Mishima describes the process of the typical feminine attempts to unravel a man’s feelings as pulling the yarn from one place on a woollen doll when she finds a tear, finding a particular point of view when it comes undone, pulling the yarn out from that point of view, and then pulling the wool out again, and again, and again. They pull the yarn from the woolen doll until they eventually tear it to pieces, turning it into a mere ball of mangled yarn. “Poor men, they grow up in a storm from childhood. Subjected to ridicule, abuse, and criticism, they wear themselves out trying not to be the laughing stock of others. In the world of boys, the degree of respect depends on the development of secondary sexual characteristics.”

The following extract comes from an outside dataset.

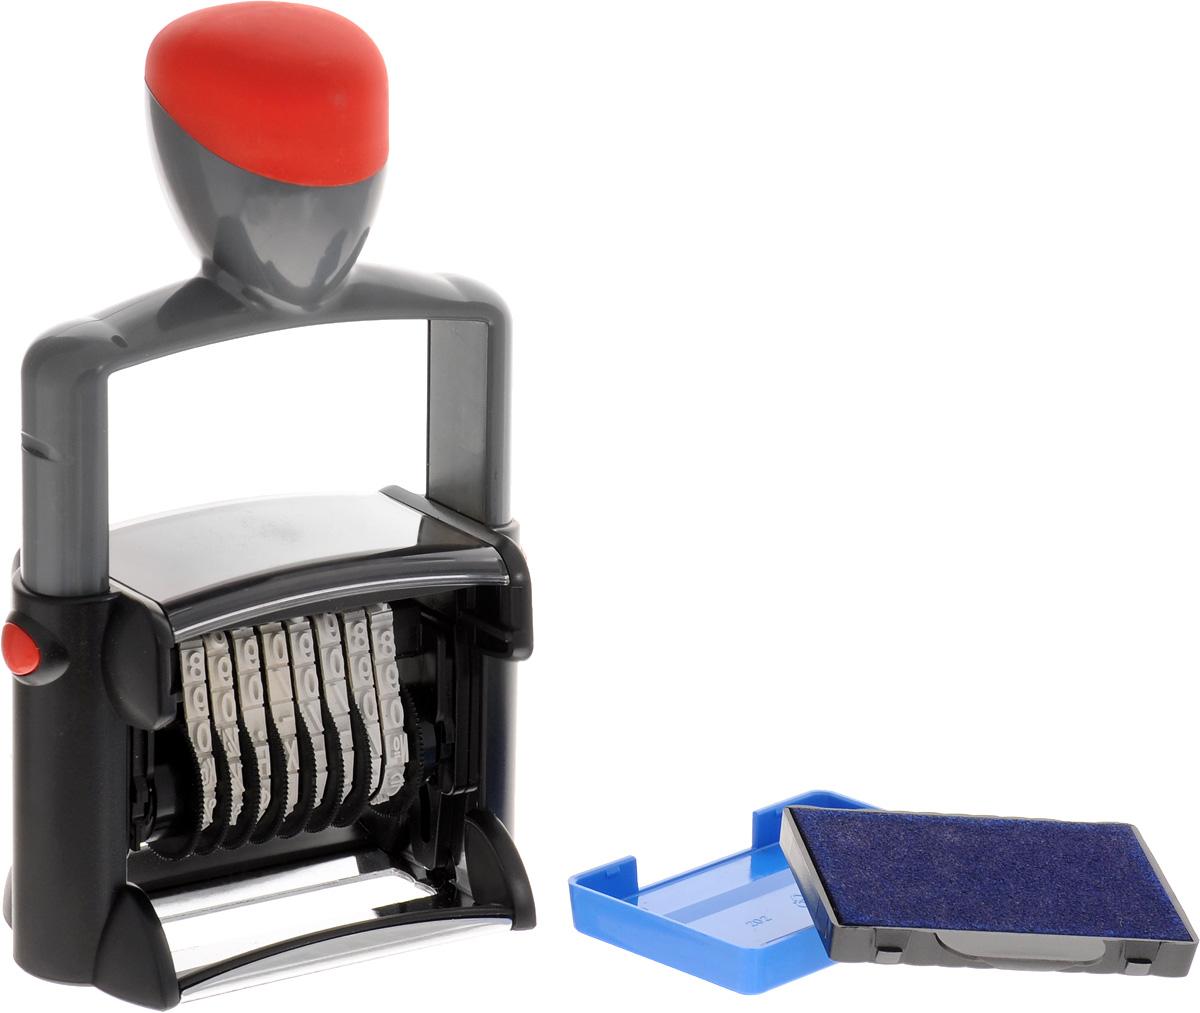 Trodat Нумератор восьмиразрядный 5 мм5558Нумератор Trodat имеет прочный корпус с удобной рукояткой и металлическим каркасом. Автоматическое окрашивание. Кольцевые ленты с цифрами. Номер устанавливается и изменяется вручную. Высота цифр - 5 мм, сменная подушка - код С03880. Восьмиразрядный.

In the world of boys, Mishima contends, the highest principle in the world is the test of heroism: to climb higher, to run faster, to prove one’s physical and mental bravery. The most undeveloped aspect of such a competitive spirit remains even in adulthood, and although women are different in their love of physically strong men, and many women do not value strength to such a degree, most men without muscles envy men who are physically strong. This is no longer a question of merely being popular among women or not, but a remnant of the fierce competition for secondary sexual characteristics in the world of boys, and a lingering vestige of the near-extinct heroic type.
The pointlessness of the heroic struggle in the male world, even for muscular physique, still seems ridiculous to many modern women. The competition between women regarding appearance is vaguely similar to this, but modern women tend to decry any display of vanity, at least in public. This explains the popularity of designer sweatpants and nude lipstick, which are worn with the intention of impressing other women, rather than to appeal to men. This also explains the great number of overweight fashion models and pop singers. It is other women whose respect they seek, and in seeking this catty sort of respect, they often unflatteringly alter their appearances.
Let us return to the words of Mishima’s anonymous Tokyo housewife.
“Men are stupid, simple, good-natured and, in short, children.”
This is the conclusion of those who proclaim their superior empathy and emotional intelligence, the modern woman’s substitute for physical vanity.
“But, wait a moment,” Mishima says. The competition for women’s appearances is solely a matter of the physical, but the heroics of men immediately pass through the physical realm and extend into the spiritual and metaphysical world. Although their basic motives are in essence childish, they reach the giants of the world of politics and economies, of philosophical thought and art, conquests, and war. In other words, a man’s feet can lose ground more easily than a woman’s. This is the privilege of men, as well as the source of all honor, Mishima writes. And this is something that should never be disparaged or discarded, regardless of the best attempts of modern progressives to destroy masculinity.